● **Your task**: Go through the entries below. Copy each line in which "from" appears.

● **Extracted entries**:
===

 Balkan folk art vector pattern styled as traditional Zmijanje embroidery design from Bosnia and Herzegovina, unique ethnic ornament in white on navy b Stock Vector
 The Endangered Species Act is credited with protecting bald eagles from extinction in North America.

===

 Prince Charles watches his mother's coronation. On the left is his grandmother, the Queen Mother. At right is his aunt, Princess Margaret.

===

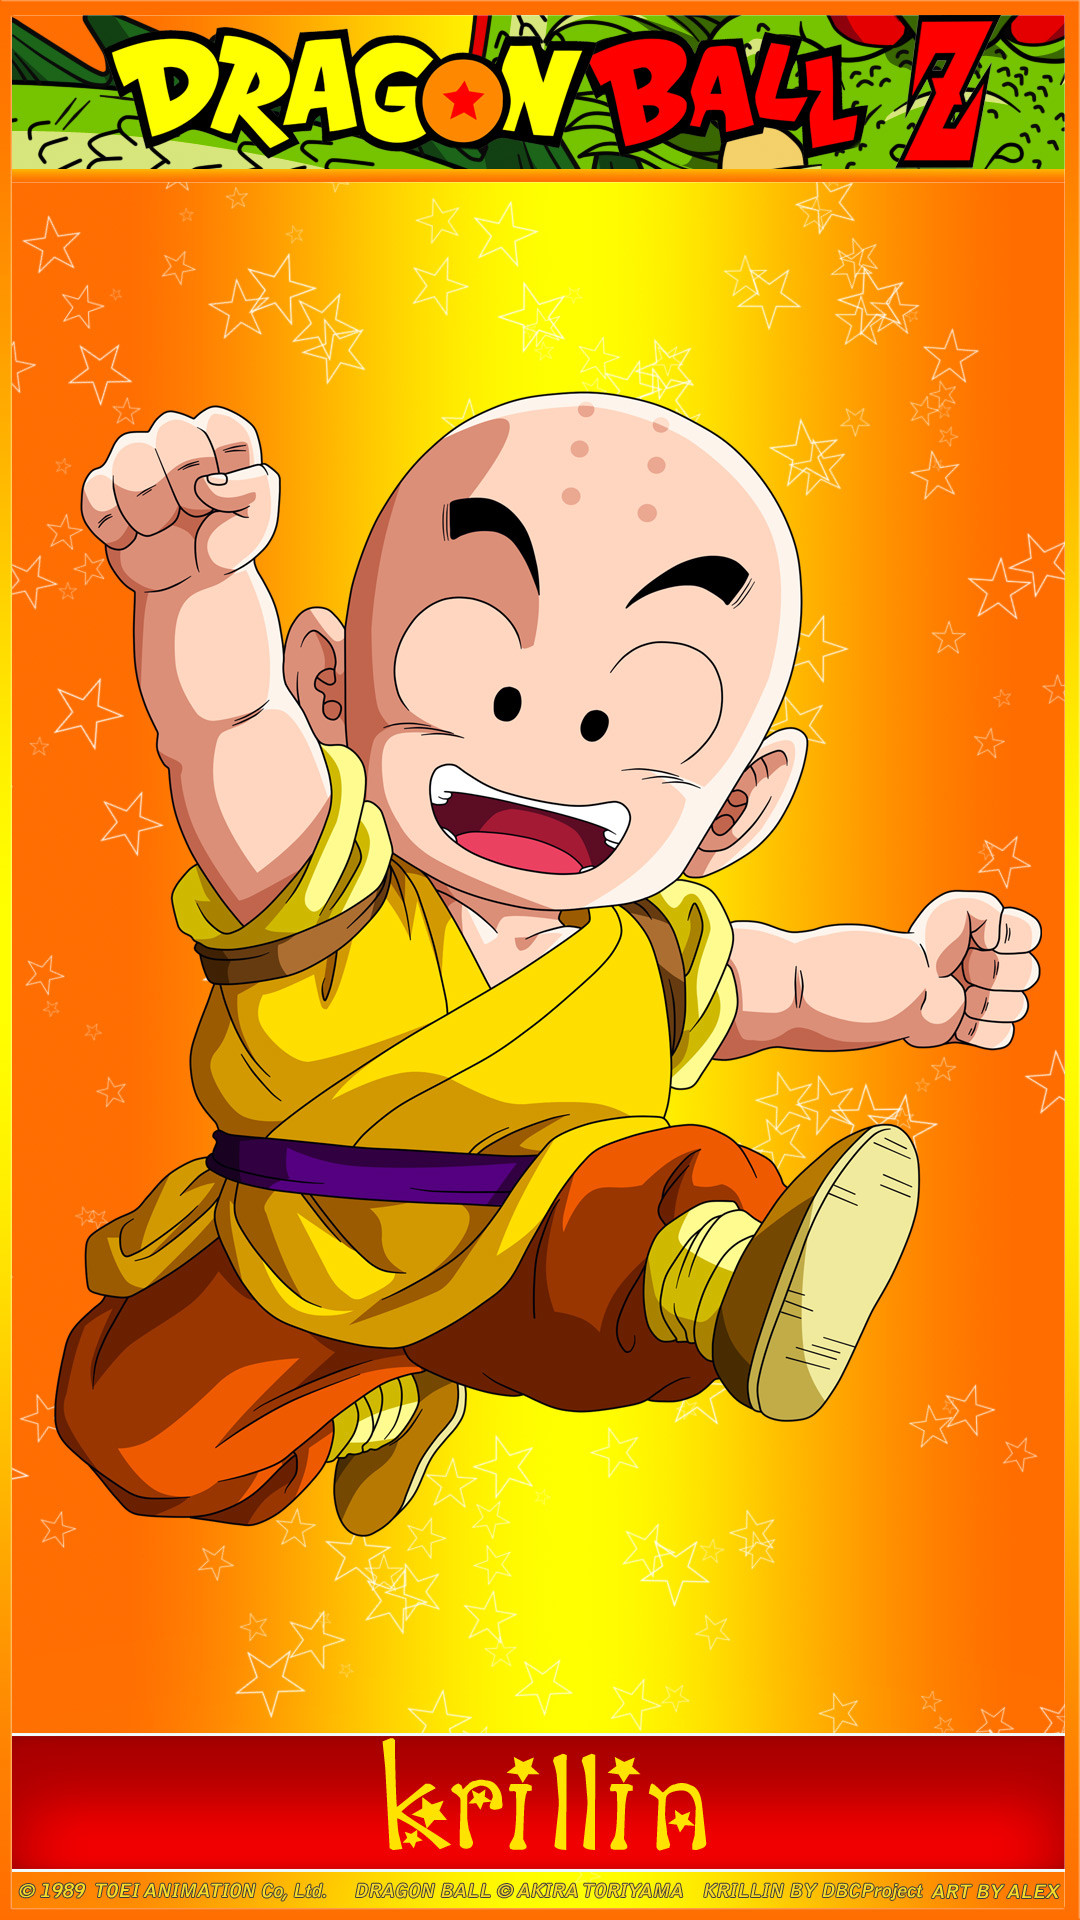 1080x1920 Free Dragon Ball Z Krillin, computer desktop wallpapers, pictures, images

===

● **Answer to this problem**:
 Balkan folk art vector pattern styled as traditional Zmijanje embroidery design from Bosnia and Herzegovina, unique ethnic ornament in white on navy b Stock Vector
 The Endangered Species Act is credited with protecting bald eagles from extinction in North America.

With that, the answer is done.